Additionally, niche modelling was performed to investigate range changes in the past as well as the future. One prominent hypothesis is, that alpine species will shift their ranges upwards in warming climates. This is not a general pattern observable for the tropical alpine species, as some of them actually shift downwards. Still work in progress is another aspect, to study the phylogenetic community assembly of the isolated tropical alpine regions in Africa to investigate if species are more closely related than expected and how it related to isolation between the different mountains.

Results were published in one open-access article, with three more to be published. The action was further disseminated by several talks given at different institutions and conferences.

The action has led to a new analysis workflow that permits to delimit the tropical alpine ecosystem based on climate only, instead of using elevation. This has the advantage that it also permits to investigate how the ecosystem extents changed in the past and will in the future. The approach can be utilized for other ecosystems as well. Further, a new phylogenetic comparative approach was developed to study niche and range dynamics and the workflow will be made publicly available.

During the action, the ER did learn new approaches and there was a transfer of knowledge to the hosting institution, as well as to other colleagues in Spain, Germany and Norway.

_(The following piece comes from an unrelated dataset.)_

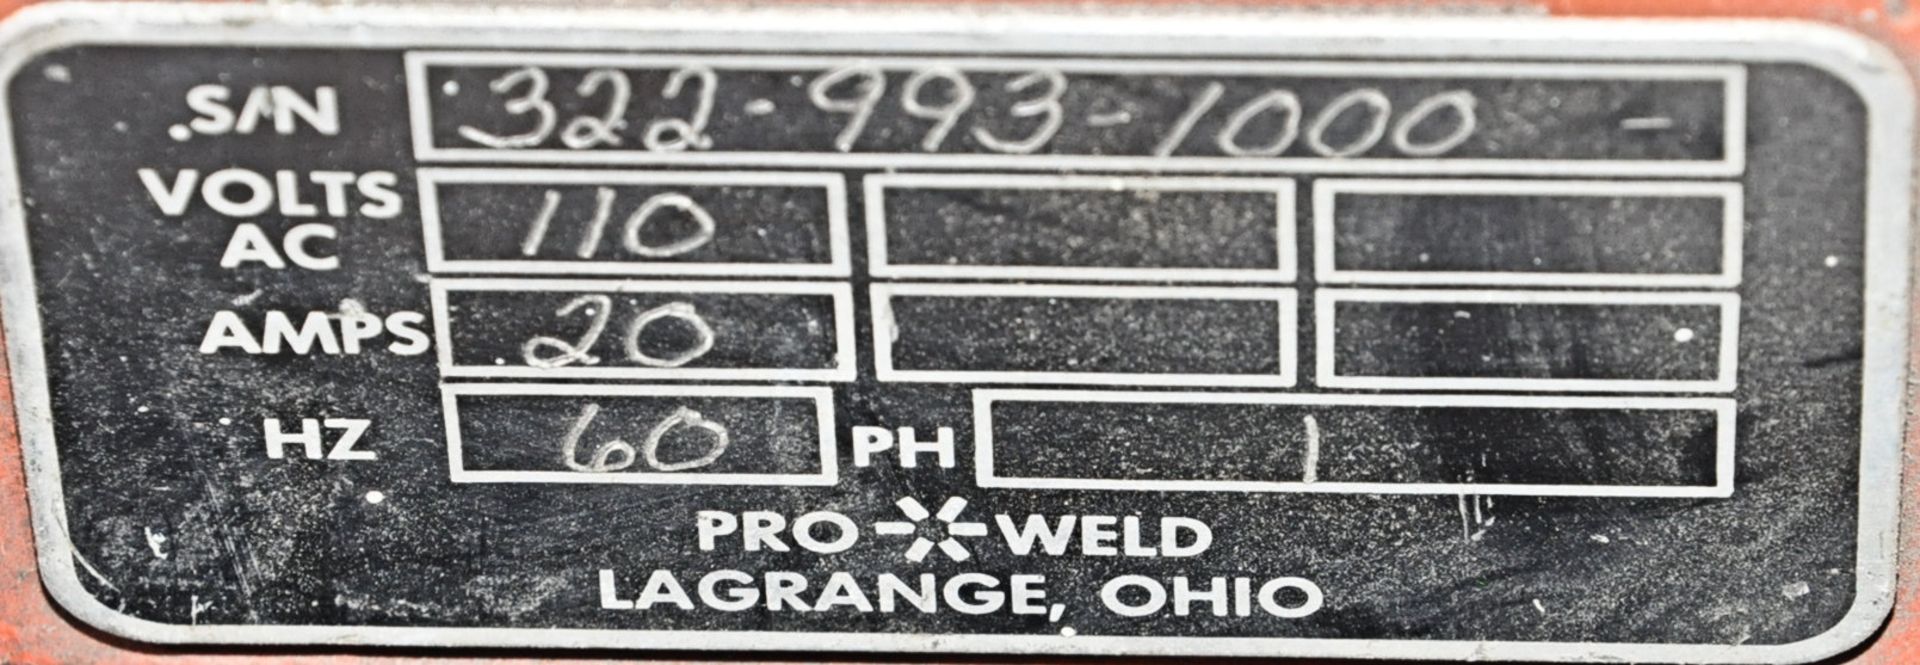 Pro-Weld Model CD-312 Stud/Pin Welder, (Welder Only) - Image 2 of 2

Gaining a better understanding on biodiversity changes in the tropical alpine ecosystem is relevant to the health of the globe and the people living in these remote areas. Especially by improving the education of the people to understand why these ecosystems need to be protected for their own health and quality of life as well as improving the understanding of the effects of climate change on biodiversity for conservation approaches will improve policies and practices in the future. Providing expert knowledge for the development of a children's book about the Paramo ecosystem will directly transfer knowledge about the ecosystem to the families living in these areas.

Another aspect of consideration is that through the action, the ER improved her informatics skills and having more skilled female researchers in the field of biodiversity informatics will increase the diversity in this part of science.